Bronwen and Kathryn- The Make-Out Queen



Tuesday, December 21

Here’s a dialogue between Bronwen Prosser And Kathryn Walsh as they work through the play, The Make-Out Queen. Some ramblings…

Bronwen:

Writing it: what is it? Katy wants to know why i say the first line of my play. I DON’T KNOW. damn. I already WROTE it- now I have to tell the director why I’m saying it out loud? I mean really Katy?

Katy knows where the play is from. She has seen my home town. She has kissed there too and seen glowing water, she knows some elements of the piece and this comforts me.

It’s a golden fleece identity quest story, and watch out! I meet myself. SO I wrote a story about why kissing is important and how we all need to do more of it and how kissing has shaped my identity and then I get into a rehearsal space with Katy and she kindly asks me to please help her make it a really clear story for everyone to come alone. After all it is direct address. We’re all here in the room, or the theatre, I’m looking at all of you and how my story is told is, in some aspects, dependent on how how the audience decides to be involved. Katy and I have work shopped this piece twice before…once in my very own hometown. She’ll talk a little about that: Katy? In this piece it is important to me to have a female director. This really is a girl’s story. As in it is totally universal and guys relate to it all the time which is just to prove even further that a TRUE girl’s story does not leave out half it’s viewers. I play guys after all. And i think the smartest shit that’s said comes from my male character of the fisherman. But I wrote it. All of it. We need to incorporate our genders more. embrace all aspects of ourselves that simultaneously want to throw beer bottles and smash them, and also want to be caressed and held and kissed just like a real princess. These are not warring internal elements. Humans are so diverse! Love, and the quest for it, is an area where many of us can unite. Many of us can also unite around kissing. UNITED KISSERS FOREVER! It’s a simple physical act repeated many times throughout our lives. Something we do with varying meaning and passion. Katy? Am I rambling?

Kathryn:

Rambling? You? Never.  Okay, so I guess you want me to talk about doing the play in your hometown, well, that’s not a huge task or anything.  Alright, alright, I know why you don’t want to have to talk about that — I saw firsthand how crazy a ride you were on that night, and I know very well you don’t have any distance from it to try to talk about it.  But that’s what’s so fun, I think, about reading your “rambling” on The Make-Out Queen AND that’s what’s so fun about the show itself — we get your inside perspective.  You take us not just along with you on the story, but inside with you.  We get to participate.  After all, we are the ones who help you to that place where you meet yourself.  For whoever is reading this blog, you will get that when you come to see it.

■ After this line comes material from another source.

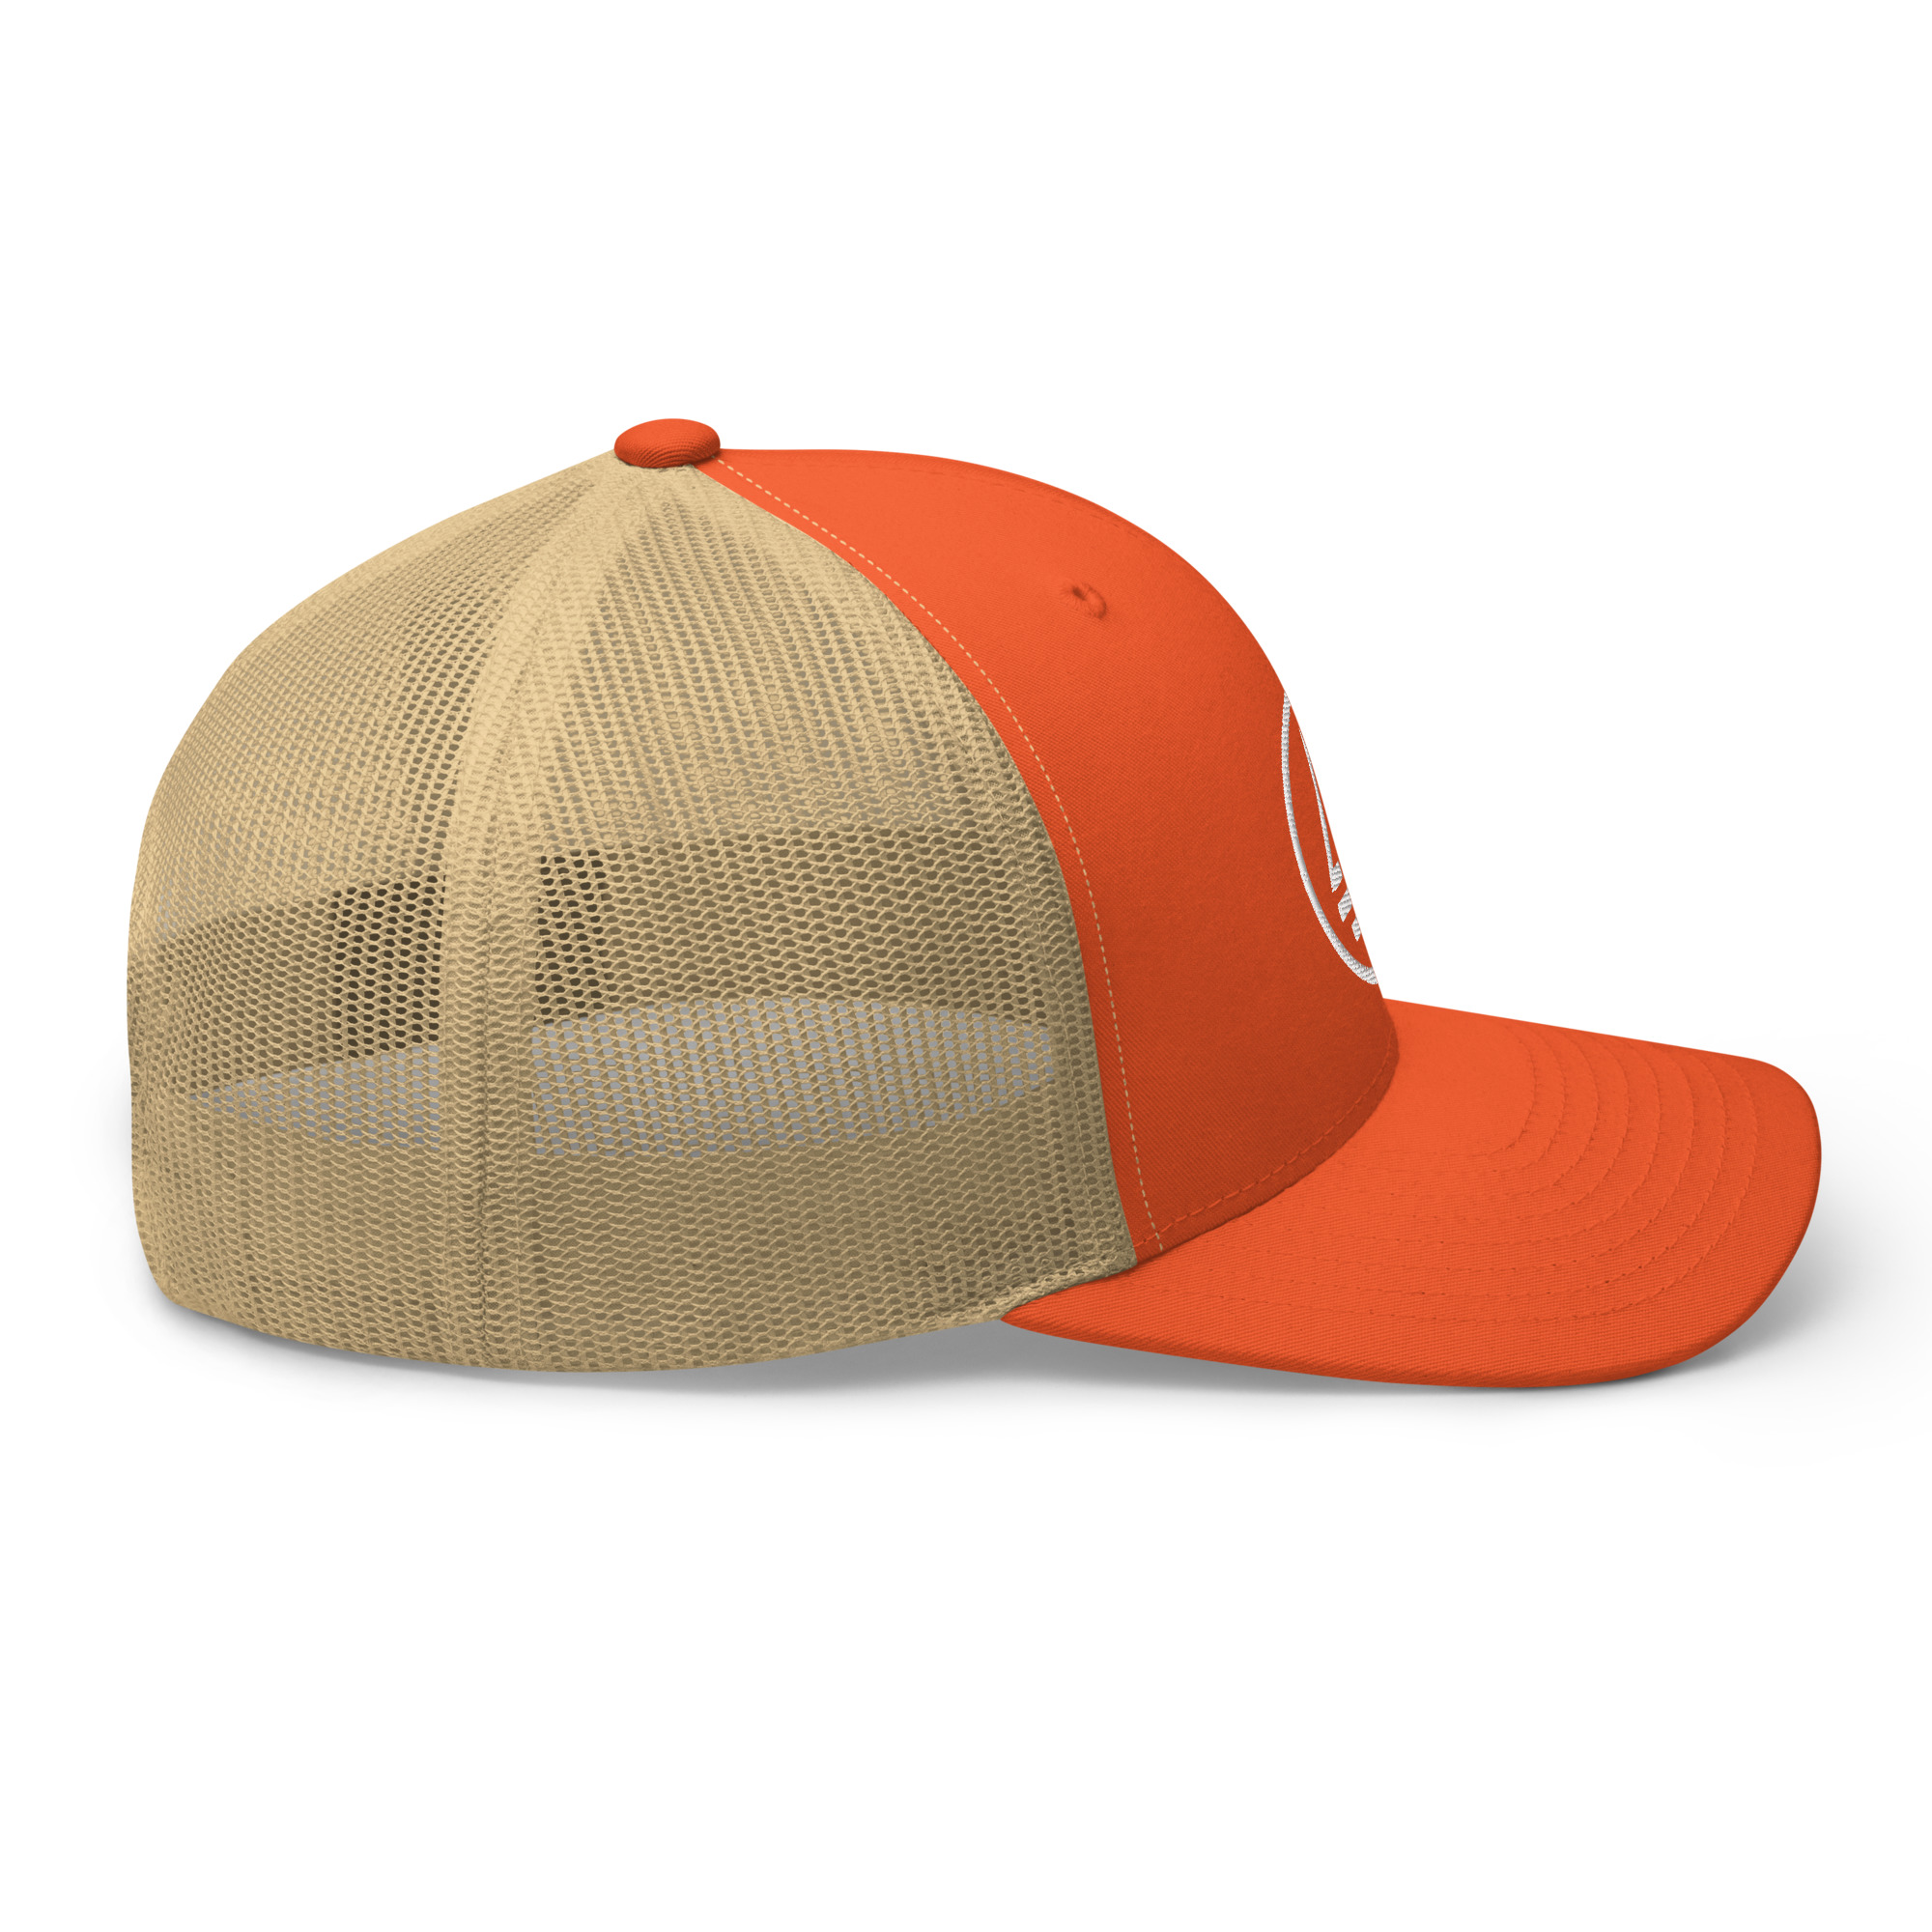 retro-trucker-hat-rustic-orange-khaki-right-64ca3d3104def.jpg

Watching Bronny do her play in her hometown — a play about making out with all sorts of people, a play that is a quest for magic through romance and sexuality(!) in front of her oldest friends, her family, a whole town-full of people who watched her grow up (including salty old fishermen-types, and more than a few grandparent-types) — how to explain? Well, you won’t get to see that, exactly, at Ars Nova.  First of all, there won’t be 175 people who all know each other stuffed into a Community Hall in the middle of hot summer night with the ocean a stone’s throw away.  It was a magical experience, and it vibrated with all the energy of those people’s shared history with Bronwen.  Plus pretty much everyone in that room knew what it is like to make out in the bioluminescent water.  Maybe that will be true in New York as well?  Who knows.  But I do know that what you will see is completely informed by that experience — both for her and for me.  As we come back into the rehearsal room, I know exactly where the few remaining fault lines are, the only places we aren’t grabbing you by the hand (or the throat, or the… you know) and taking you with us.  And one of those places is the first moment of the show, which is why I’m sticking to my director guns, why I end up barking at her, “You’re being totally unclear!” because she’s all “I wrote it, I just say it.” Until we work a little more and realize we really already know why it is the first line of the play — we just need to make sure we capitalize on that when we do it.

Bron? You got more to say? Want to talk at all about the fun reactions that you got back home? Or about what a pain in the ass I am in the rehearsal room?